L’attentatore di Londra, il giovane Sudesh Amman, era uscito di prigione solo pochi giorni fa ed era stato precedentemente notato dalle forze dell’ordine per una sorta di “fascinazione nei confronti dell’idea di morire in nome del terrorismo”. A scriverne è oggi il Guardian, ricostruendo l’episodio dell’attacco di ieri sulla Streatham High Road, nella parte sud di Londra, che ha provocato il ferimento di tre persone.

L’uomo, 20 anni, era sotto sorveglianza della polizia al momento dell’attacco: era stato rilasciato dopo aver scontato metà della pena di reclusione di oltre tre anni cui era stato condannato per possesso e distribuzione di materiale estremistico. Rinchiuso in carcere all’età di 18 anni, era stato rilasciato ma considerato abbastanza a rischio da giustificare una sorveglianza speciale della polizia.
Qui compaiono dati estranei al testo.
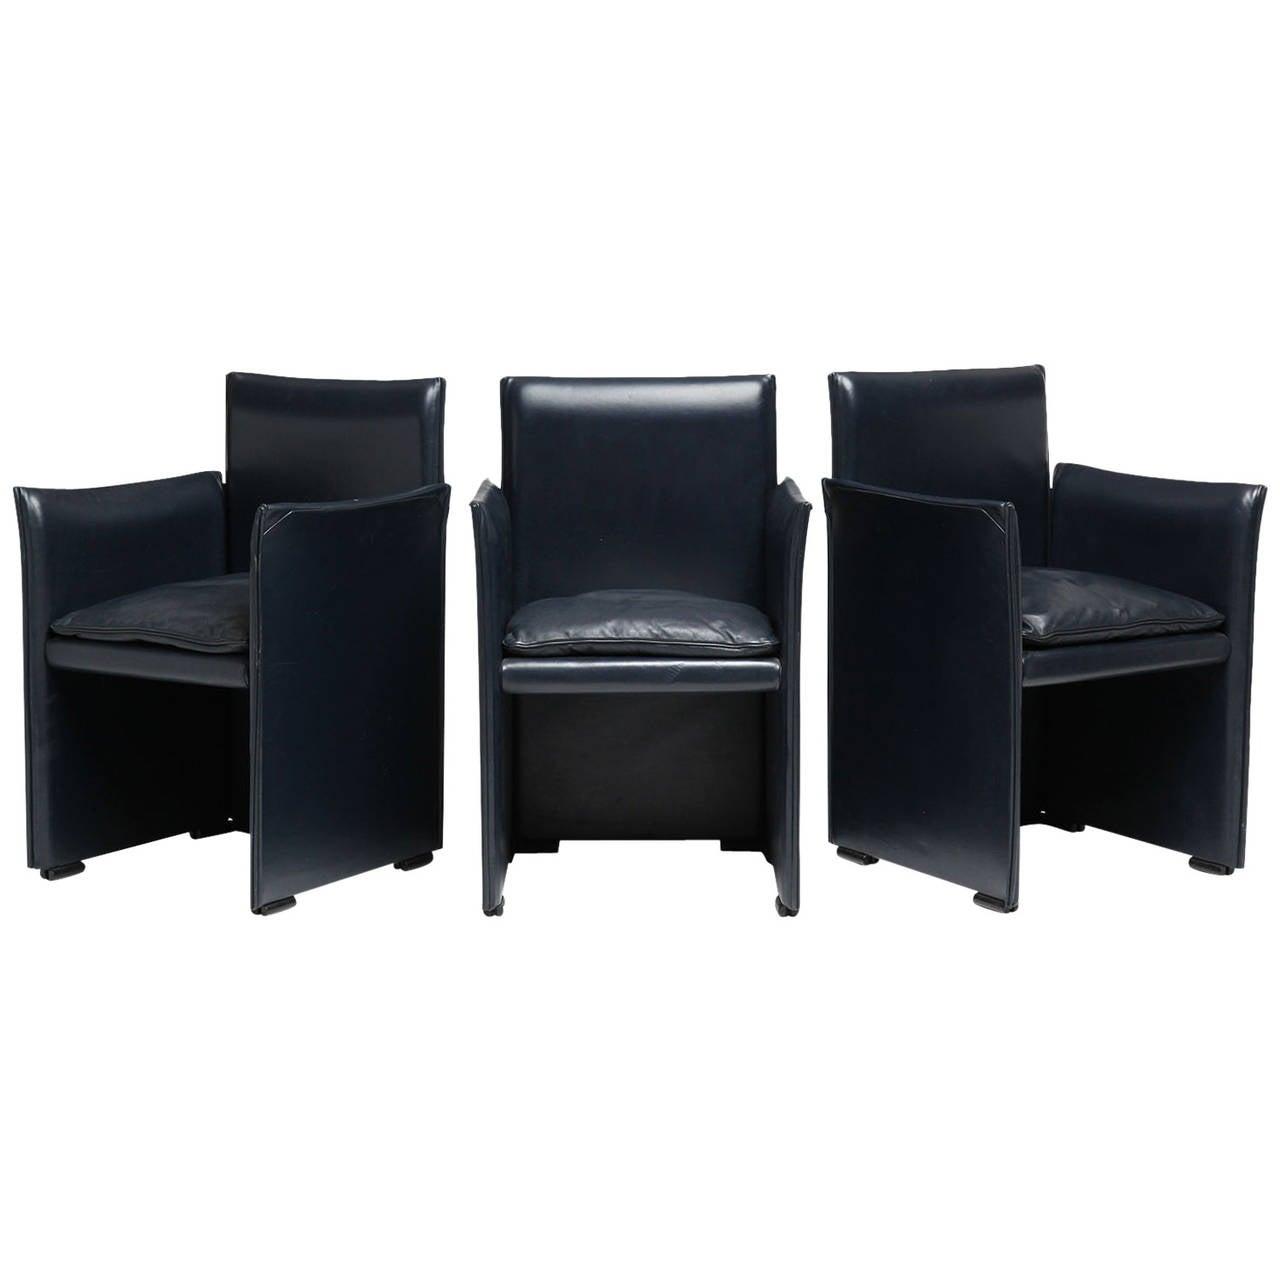 Armchair by Mario Bellini

Alle domande dei giornalisti, una fonte di Whiteall citata dal giornale britannico ha risposto che l’uomo “era sotto sorveglianza, e questo ha consentito alla polizia di fare il proprio lavoro con tanta rapidità. Poteva finire molto peggio. C’erano state preoccupazioni quando era in carcere, ma non vi era nessuna possibilità per nessuna istanza di potere di tenerlo dietro le sbarre”.